И никаких ХУ! читать книгу онлайн
Внимание! Книга может содержать контент только для совершеннолетних. Для несовершеннолетних чтение данного контента СТРОГО ЗАПРЕЩЕНО! Если в книге присутствует наличие пропаганды ЛГБТ и другого, запрещенного контента - просьба написать на почту [email protected] для удаления материала
Марья Ивановна потянула его вперёд, крепко взяв под руку и давая понять, что то, что она скажет, является не осуждением, а дружеской критикой:
- Потому что по-другому ты не можешь. Ты по натуре – не лидер: не умеешь быть жёстким, принципиальным и требовательным. Ты всегда подстраиваешься, потому что хочешь, чтобы тебя любили.
- Да, да, ты права, - тут же подстроился Викентий Алексеевич. – Завтра же подаю заявление об освобождении от должности директора. Хватит, пусть Старче завинчивает гайки.
- Он-то завинтит! – подтвердила Марья Ивановна – И дисциплина будет, и порядок, только творческой работы не будет, и живого коллектива. Макс и Циркуль, конечно, уйдут. – Помолчала и добавила: - Я – тоже.
Викентий Алексеевич от возмущения на то, что ему давят на больную мозоль, сбился с шага, выдернул локоть и опять остановился, и опять закричал, распаляя себя и гоня стыд:
- Ну, не хочу я быть администратором! Что вы пристали? Не хочу! – и чуть успокоившись: - Давно не хочу, - и совсем тихо и спокойно, - и, как выясняется, не способен.
Марья Ивановна спокойно выслушала вопли разнервничавшегося шефа, поправила очки и пошла дальше, а он виновато поплёлся чуть сзади.
- Тебе и не надо быть администратором. Будь тем, кем есть – научным руководителем.

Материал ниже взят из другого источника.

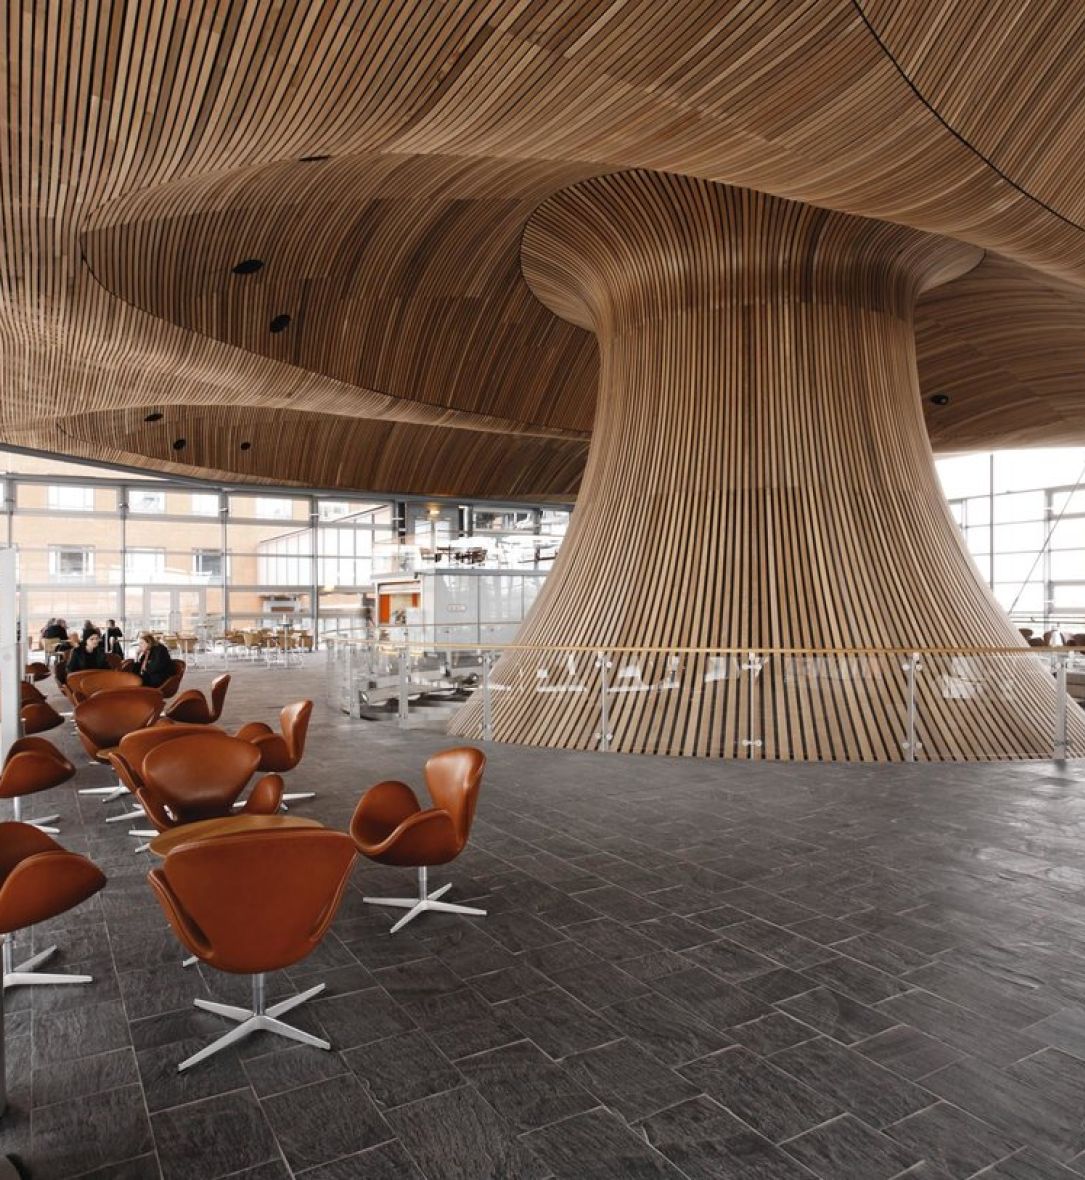 BCL wood ceilings installed at The Welsh Assembly in Cardiff

Людей объединяет, в конце концов, не дисциплина, а общее дело, в котором для каждого есть свой интерес и своя ответственность.

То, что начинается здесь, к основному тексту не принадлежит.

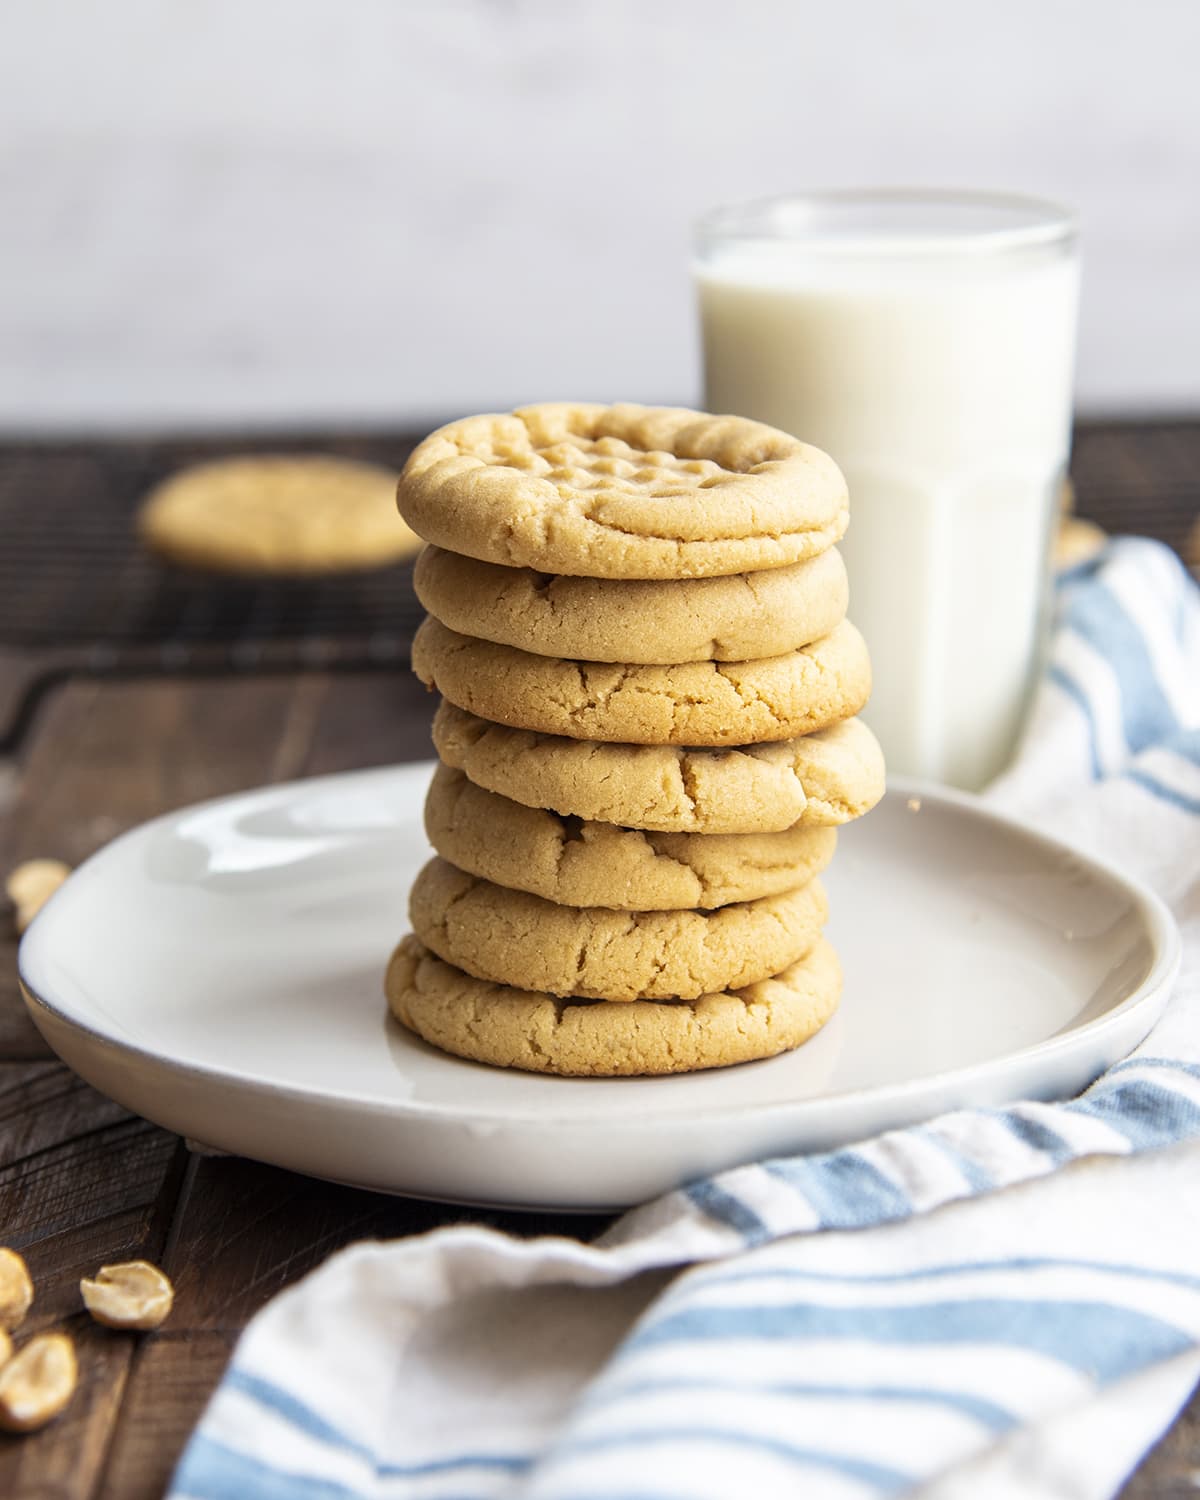 A stack of peanut butter cookies in the middle of a white plate.

- Мне страсть как хочется вплотную заняться наукой, закончить докторскую, - канючил неспособный администратор, мысленно согласившись остаться директором. Он вдруг сообразил, что попал в замкнутый круг: оказывается, успешному его администрированию мешает занятие наукой, а завершению докторской – директорство. И выхода из тупиковой ловушки не было. Так думалось ему, но не Марье Ивановне, которая нашла выход по-женски быстро и просто:
- Я помогу тебе с черновой работой.
Он тихо рассмеялся, возвращаясь к обычному благодушному состоянию. Теперь уже она остановилась, резко повернулась к нему, колыхнув грудью и блеснув очками в свете уличных фонарей, спросила сердито:
- Ты против?
- Да нет, - поспешил он успокоить помощницу. – Спасибо. Только получается нелепо: ты помогаешь мне, а я с твоей помощью и при дефиците времени – Анне Владимировне из Бытовой техники, - и снова, довольный, хохотнул.
- Она тебя просила? – глухо поинтересовалась Марья Ивановна и медленно пошла вперёд, увлекая ответчика за собой. А тот только вздохнул, пожав плечами.
- Надо было отказаться, - жёстко попеняла она лидеру-разгильдяю.
- Не смог, - промямлил Викентий Алексеевич, и сам уже не помнил: не смог или не захотел отказать.
- Весь ты в этом! – почему-то разозлилась спутница-помощница. – Весь в бозе! – «На тебе!» - удивился он, законченный атеист, причисленный вдруг к сонму почитателей небожителей. – Ты что, был у неё?
- Был, - повинился божий человек. – Она предложила заходить почаще и не только по делам докторской.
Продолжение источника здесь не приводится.